* STORED DATA:
+===+

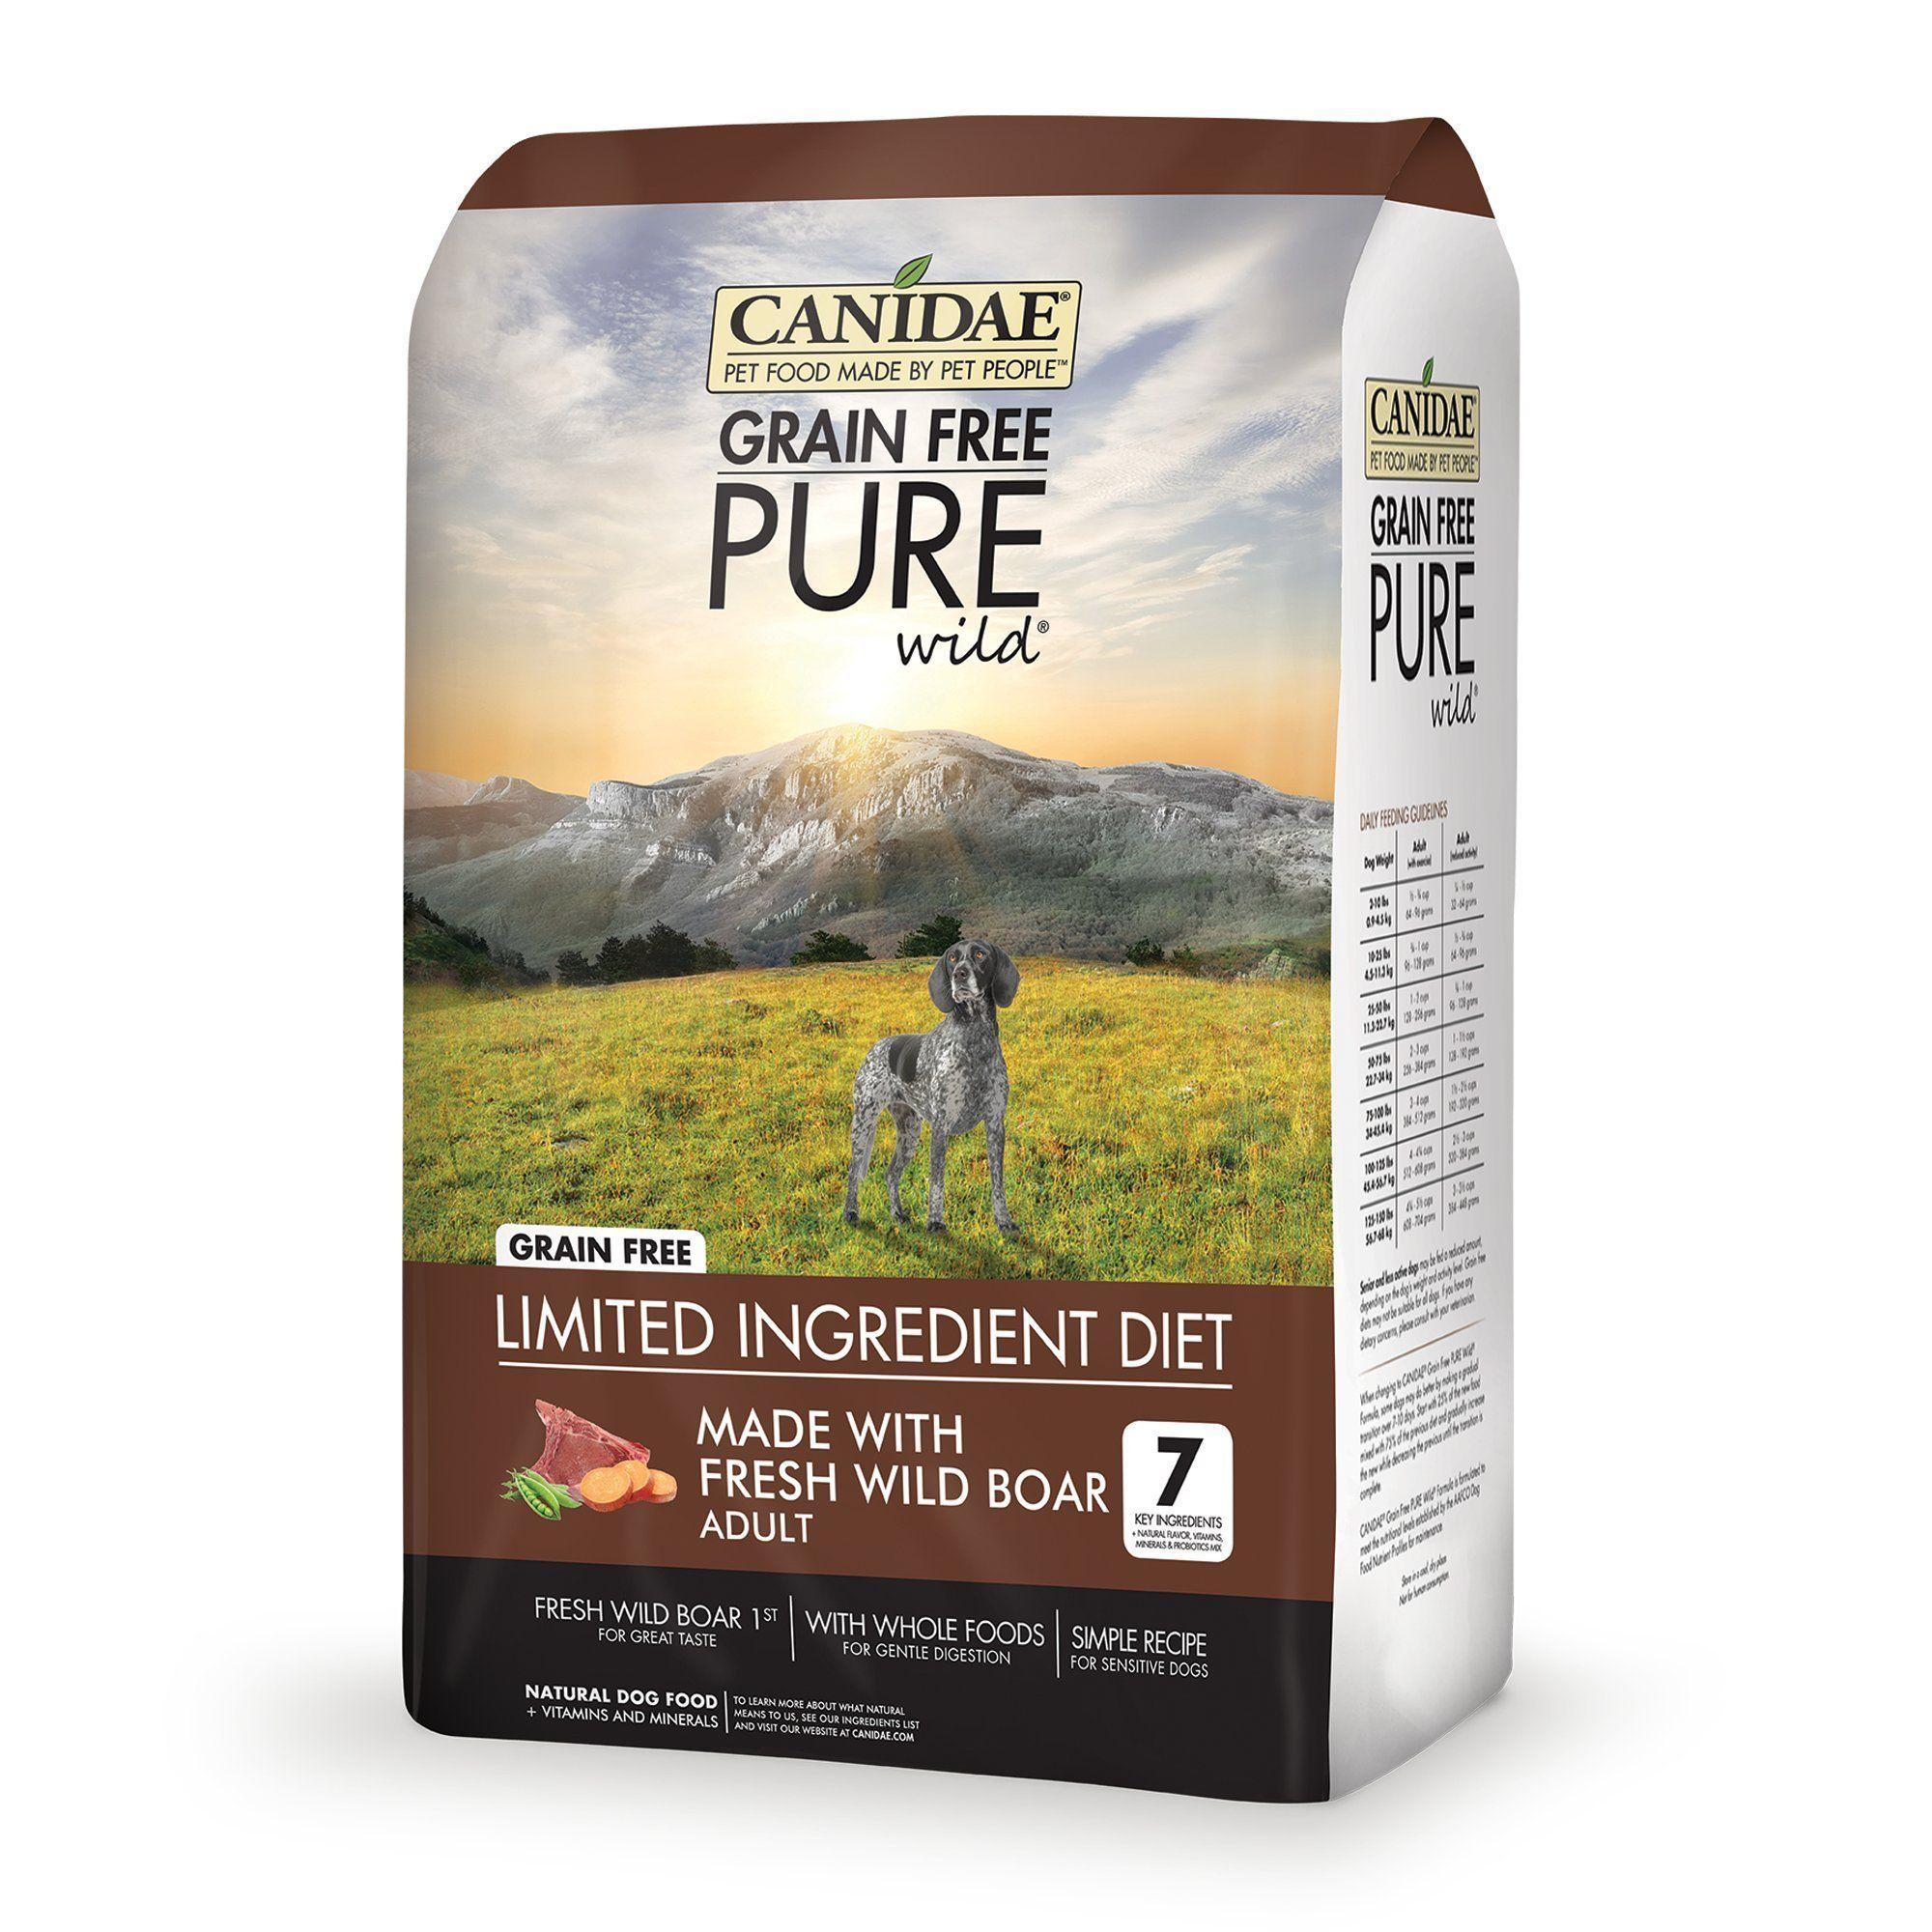 Canidae Grain Free Pure Wild Adult Fresh Wild Boar Dog Food 4 Lbs
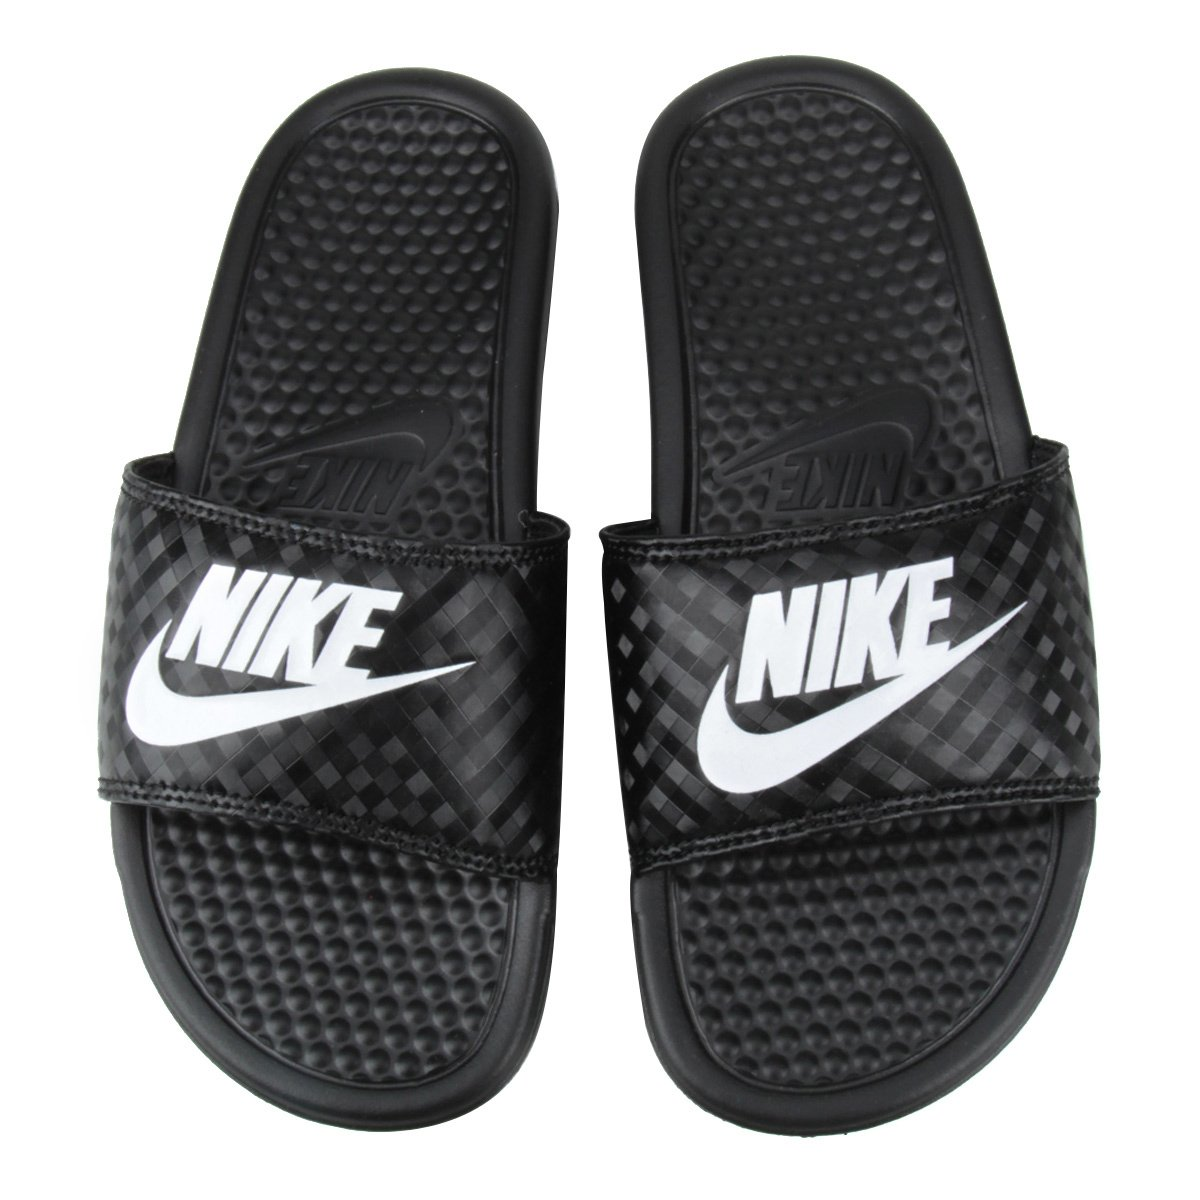 59715dffc7f Chinelo Nike Benassi JDI Slide Feminina - Preto e Branco - Compre Agora
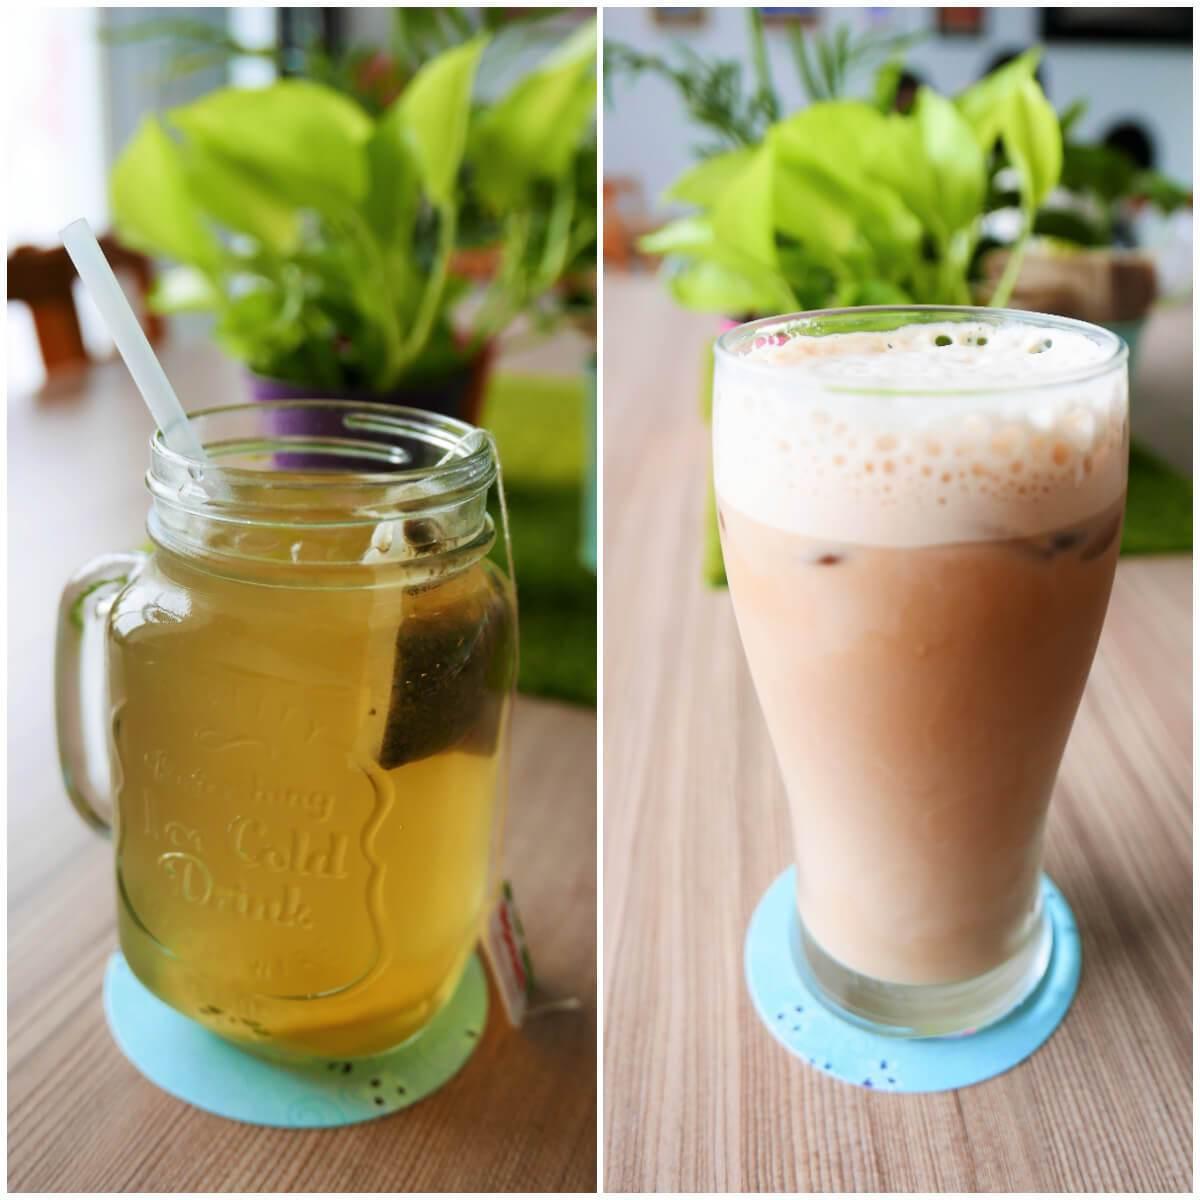 圖/Lemon、芷瑄(阿根廷瑪黛茶NT$65/鴛鴦鮮奶茶NT$70)
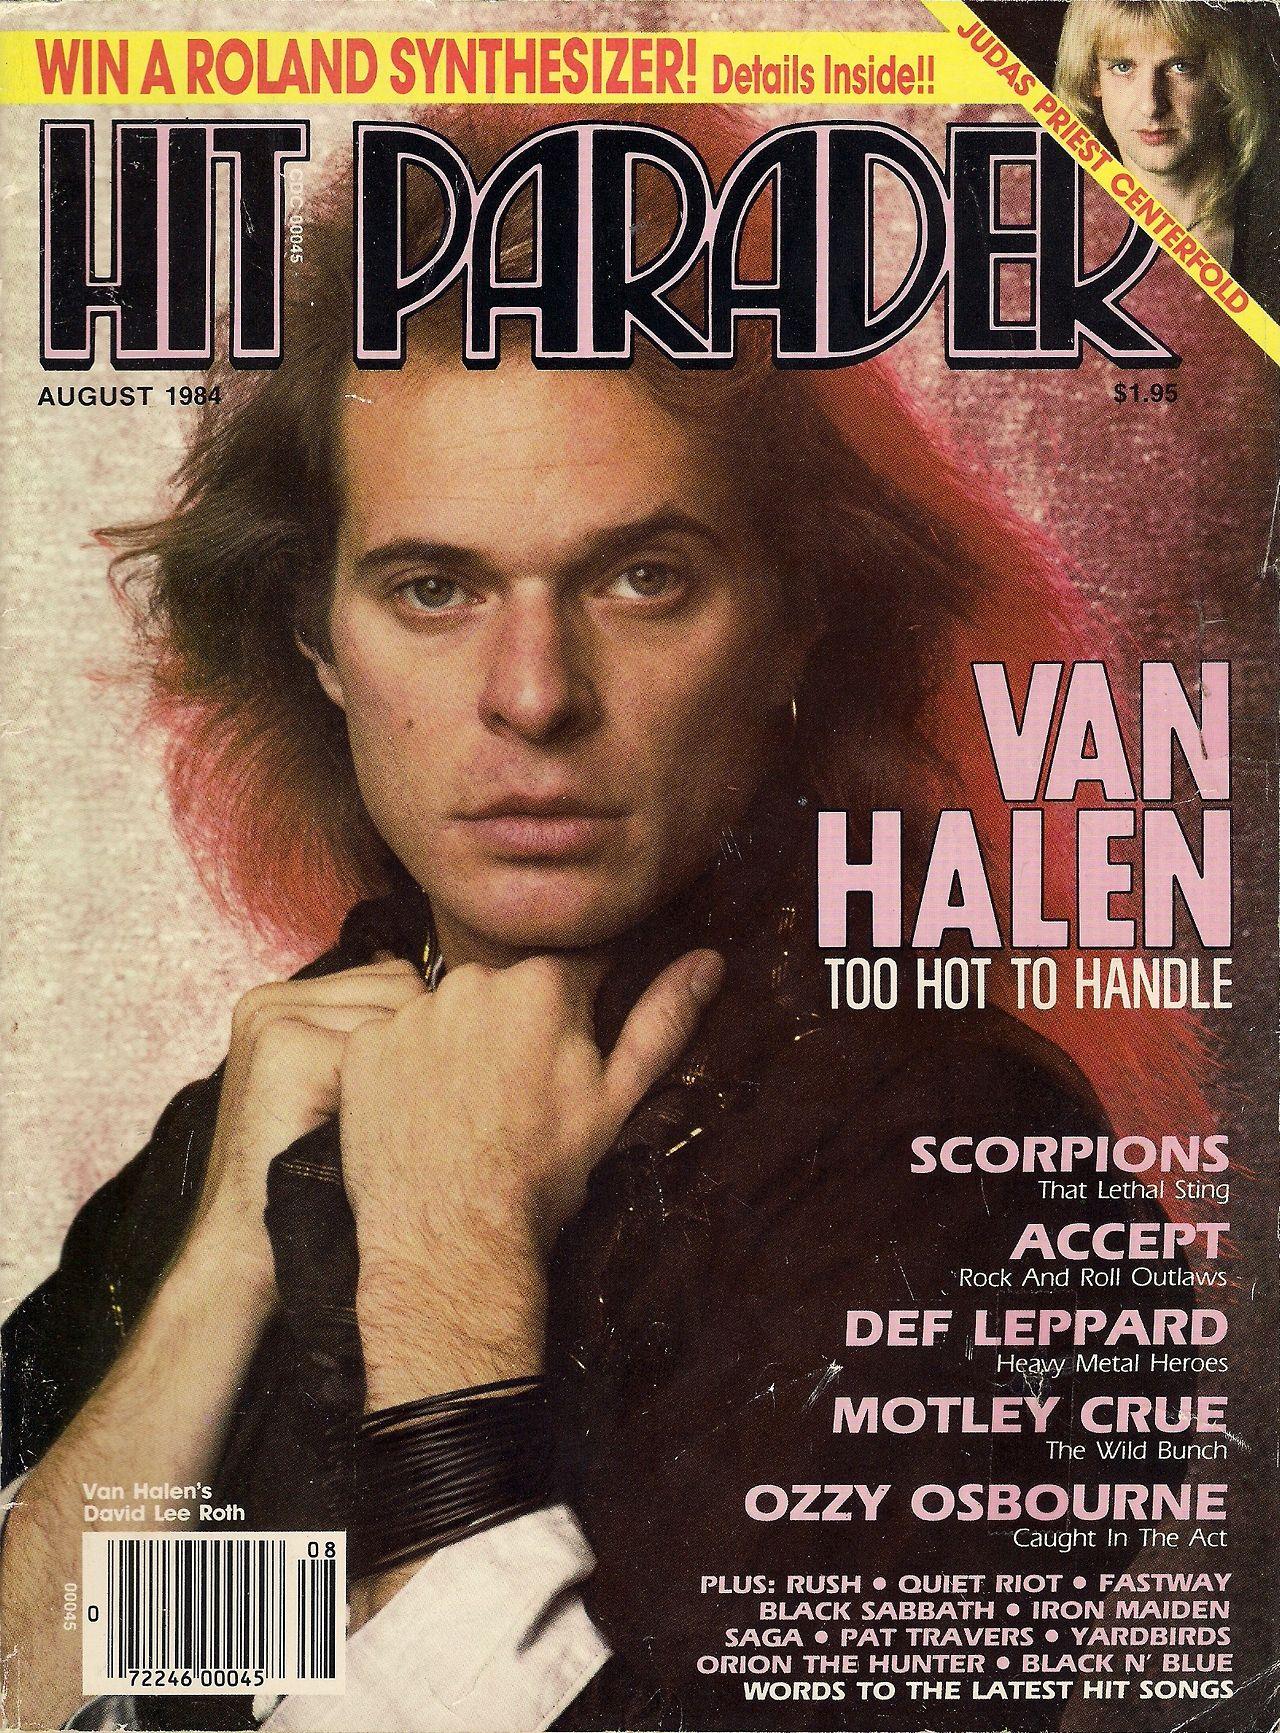 David Lee Roth Graces The Cover Of Hit Parader Magazine 1984 Van Halen David Lee Roth Hard Rock

+===+

* EXERCISE PROMPT: Retype the material above exactly, images excluded.

* WRITTEN SOLUTION:
 Canidae Grain Free Pure Wild Adult Fresh Wild Boar Dog Food 4 Lbs
 59715dffc7f Chinelo Nike Benassi JDI Slide Feminina - Preto e Branco - Compre Agora
 圖/Lemon、芷瑄(阿根廷瑪黛茶NT$65/鴛鴦鮮奶茶NT$70)
 David Lee Roth Graces The Cover Of Hit Parader Magazine 1984 Van Halen David Lee Roth Hard Rock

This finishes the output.